No. 51 – Ohio State Buckeyes
- Position: Guard
- Class: Senior

Personal information
- Born: October 5, 2004 (age 21) Ohio, U.S.
- Listed height: 6 ft 5 in (1.96 m)
- Listed weight: 312 lb (142 kg)

Career information
- High school: Findlay (Findlay, Ohio)
- College: Ohio State (2023–present);

Awards and highlights
- CFP national champion (2024); Second-team All-Big Ten (2025);
- Stats at ESPN

= Luke Montgomery (American football) =

American football player (born 2004)

Luke Montgomery (born October 5, 2004) is an American college football guard for the Ohio State Buckeyes.

==Early life==
Montgomery attended Findlay High School in Findlay, Ohio.

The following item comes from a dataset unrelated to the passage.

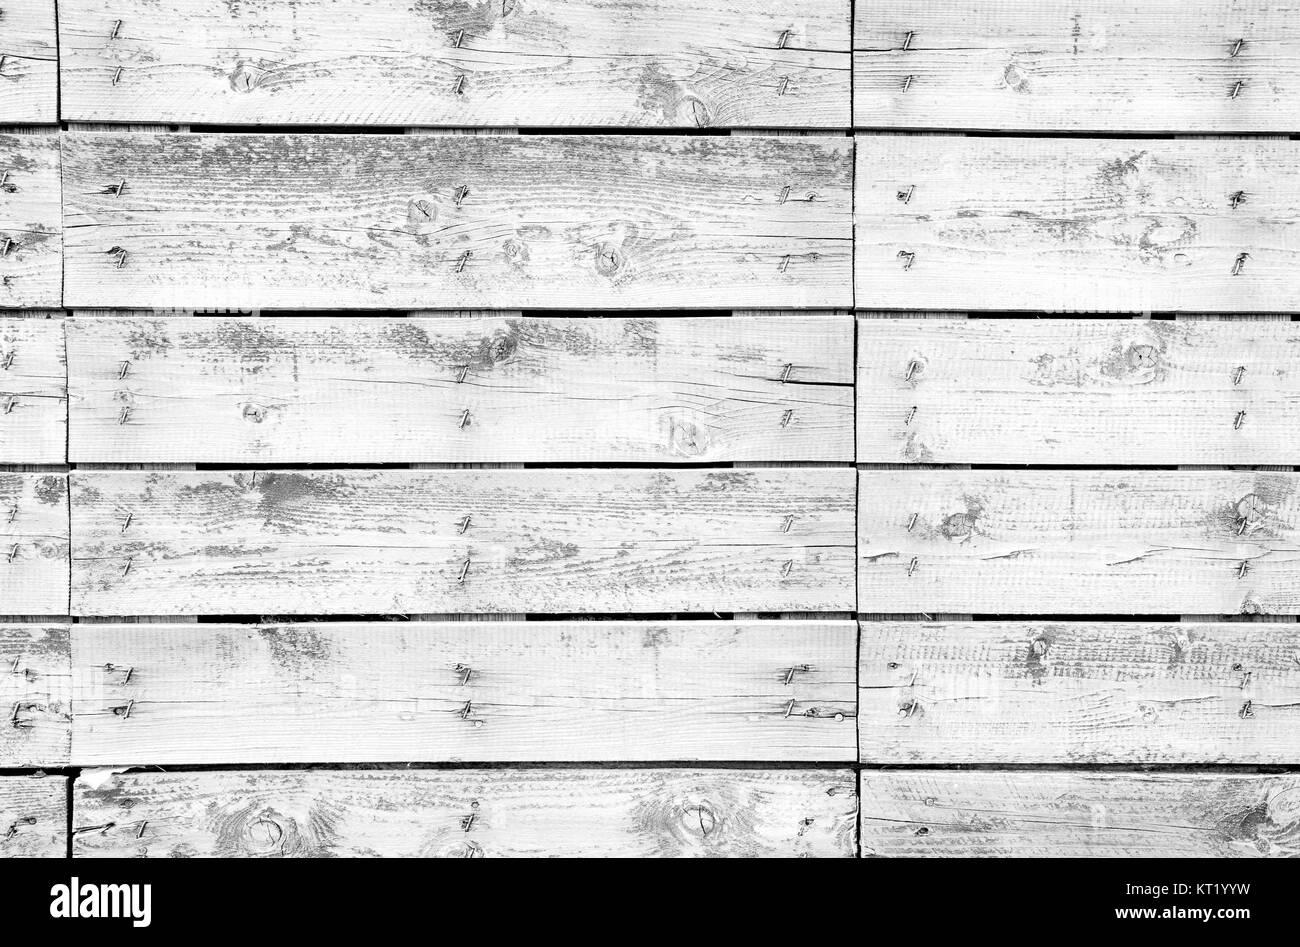 White wooden planks background - Stock Image

Coming out of high school, he was rated as a four-star recruit and committed to play college football for Ohio State over other offers such as Michigan, Notre Dame, Clemson, Penn State and Oklahoma.

==College career==
As a freshman in 2023, Montgomery appeared in seven games. At the end on the regular season and the start of the 2024–25 College Football Playoff, he rotated in on the offensive line and competed for a starting role. During the first two rounds of the playoffs, Montgomery played in 29 snaps in the win over Tennessee, and 31 snaps in the victory versus Oregon. In the 2025 Cotton Bowl Classic, he made his first collegiate start in a win over Texas, helping the Buckeyes advance to the National Championship. He finished the 2024 season, mainly coming off the bench as a rotational offensive lineman, while also making two starts. Montgomery is set to be the team's starting left guard in 2025.

==Personal life==
Montgomery is the brother of four-star quarterback Ryan Montgomery, who committed to play for the Georgia Bulldogs.